When building Java-based applications, you need a JDK to compile your source code into Java bytecode. However, the JDK is not needed in a production environment. You may also use tools like Maven or Gradle to build your app. These are also not needed for the final image. This is where multi-stage builds come in handy.

FROM maven AS build
WORKDIR /app
COPY . .
RUN mvn package

FROM tomcat
COPY --from=build /app/target/file.war /usr/local/tomcat/webapps

In this example, we will build Java using Maven in the first stage named build. In the second stage starting with FROM tomcat, copy the files from the build stage. The final image is only the final stage created (overridden with the --target flag).

React example

When building a React application, you need a Node environment that compiles JS code (usually JSX), SASS stylesheets, etc. into static HTML and JS, CSS. If you don't need server-side rendering, you don't need a Node environment to build your production environment. Then all you have to do is place your static resources in a static Nginx container.

FROM node:12 AS build
WORKDIR /app
COPY package* yarn.lock ./
RUN yarn install
COPY public ./public
COPY src ./src
RUN yarn run build

FROM nginx:alpine
COPY --from=build /app/build /usr/share/nginx/html

Here, we build (maximize the layer cache) using the node: 12 image and then copy the output to the Nginx container. This is better, isn't it?

wrap up

With a little understanding of how the image is structured, the image builds faster and allows you to place fewer changes. Multi-stage builds also help improve the security of the final container by reducing the overall image size and decoupling build-time and runtime dependencies.

What to do next

The tutorial is over, but there's more to learn about containers. I won't go into detail here, but let's take a look.

Container orchestration

Running a container in a production environment can be difficult. I don't want to log in to the machine and run docker run or docker-compose up. Why? So what happens if the container dies? How to scale across multiple machines? Container orchestration solves this problem. Tools like Kubernetes, Swarm, Nomad, and ECS all solve this problem in a slightly different way.

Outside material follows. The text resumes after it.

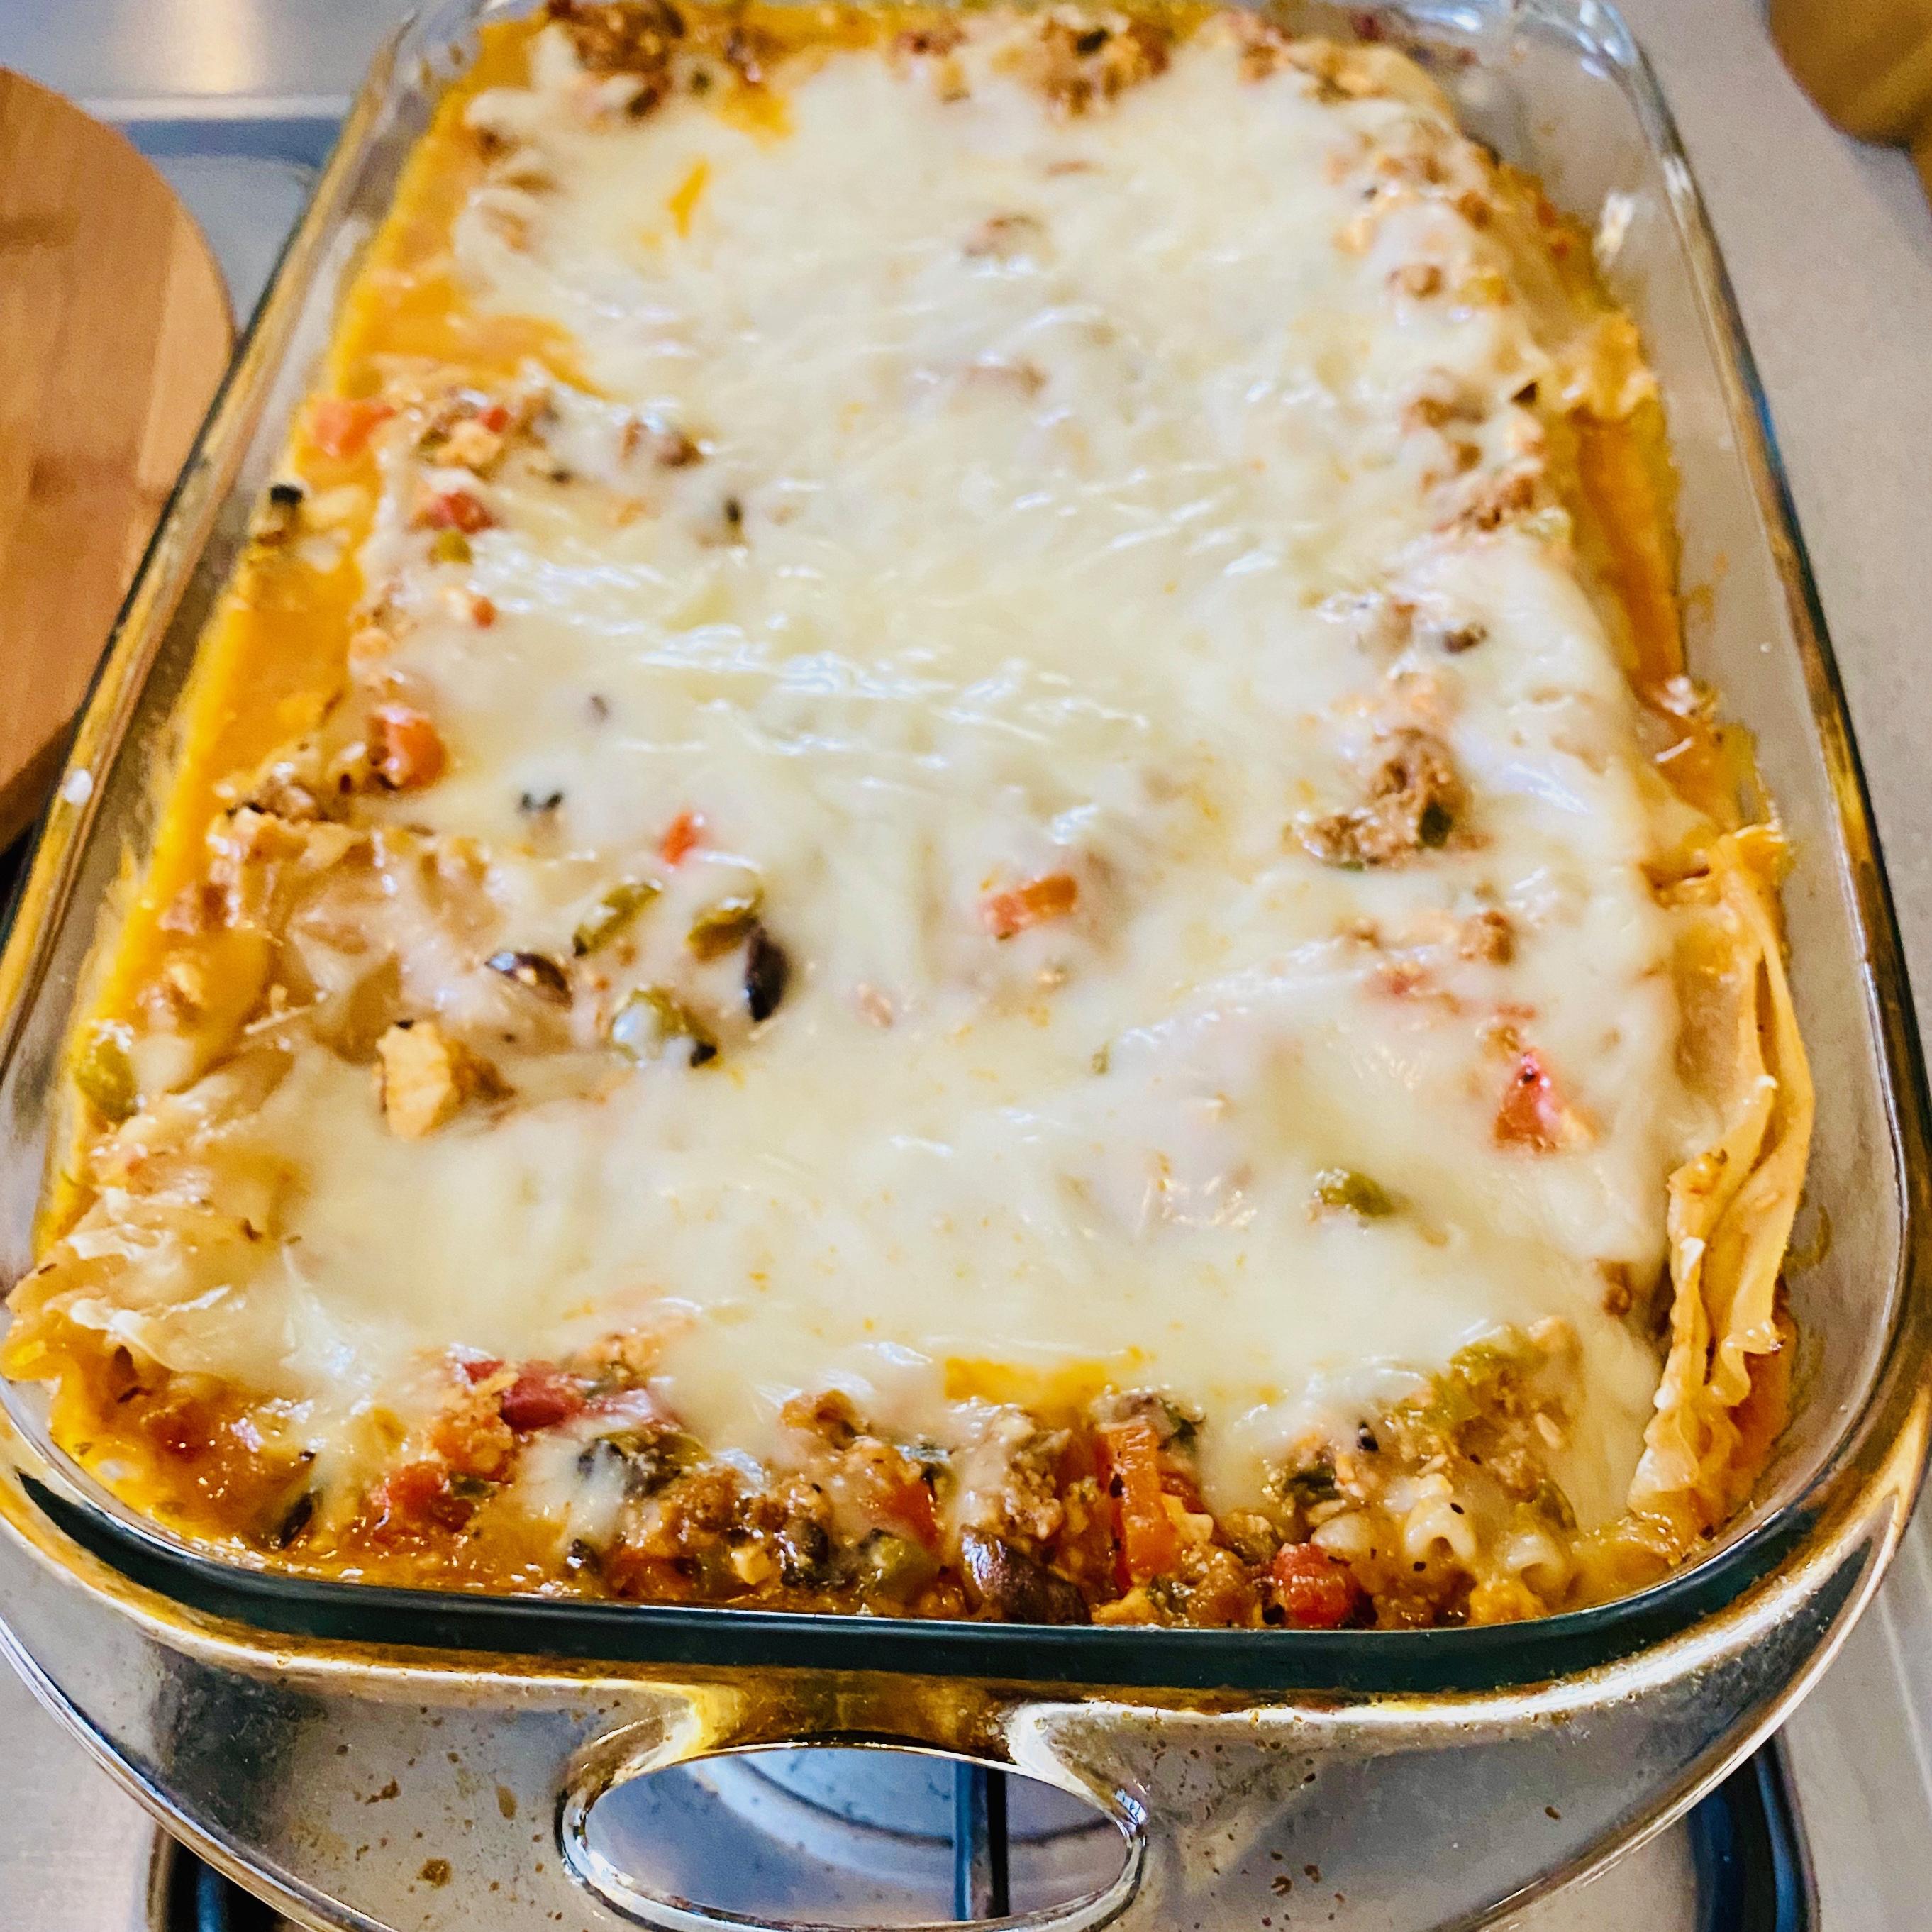 Michelle's Vegan Lasagna
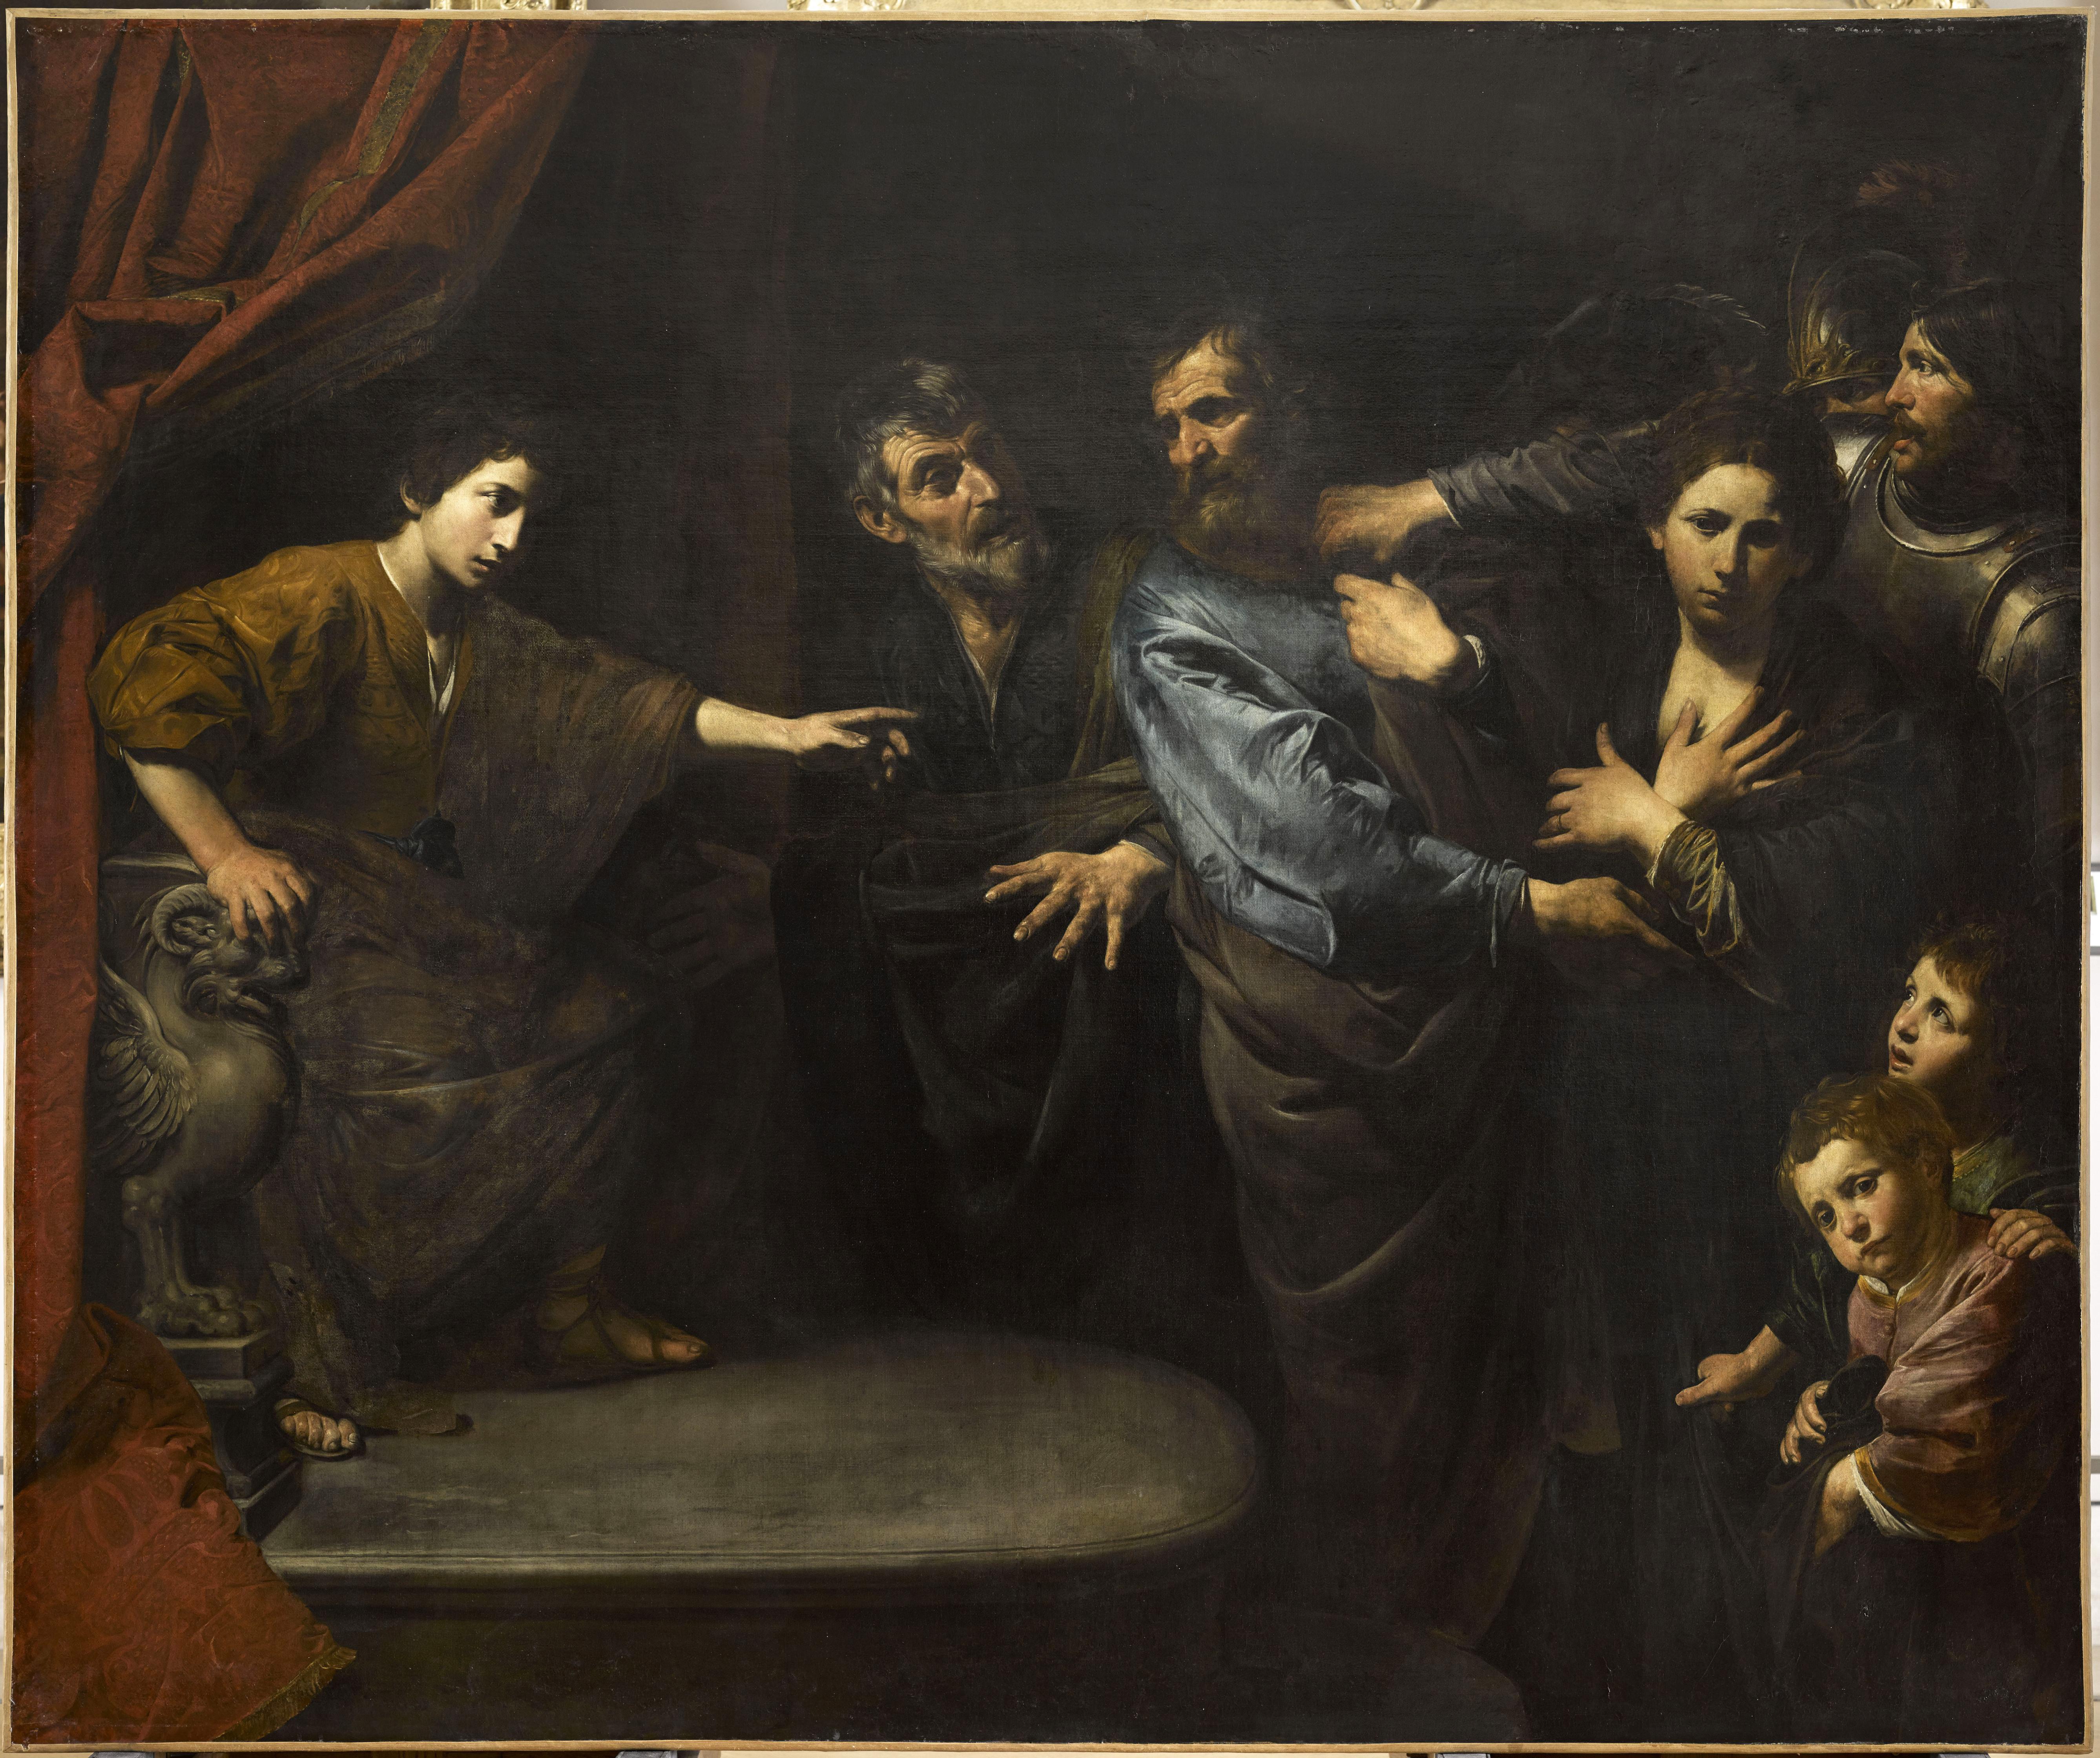 10_Valentin_Innocence of Susanna __Département des Peintures, musée du Louvre © RMN-GP_musée du Louvre _ Franck Raux_Revu.jpg

The general idea is to have a "manager" who receives the ** expected state **. This state is like "I want you to start two instances of the web application and open port 80". The manager monitors all the machines in the cluster and delegates the work to the "workers". The manager monitors changes (such as when the container is stopped) and then acts so that the ** actual state ** reflects the expected state.

Cloud Native Computing Infrastructure Project

CNCF (Cloud Native Platform Project) is a variety of vendor-independent open source projects, including Kubernetes, Prometheus, Envoy, Linkerd, NATS and more. You can see the created projects here and the overall CNCF diagram here. I will. Many of these projects will help you solve problems such as monitoring, logging, security, image registries, and messaging.

So, if you are not sure about the whole container and the development of cloud native applications, please use it. Join the community, ask questions, and study. We look forward to your participation.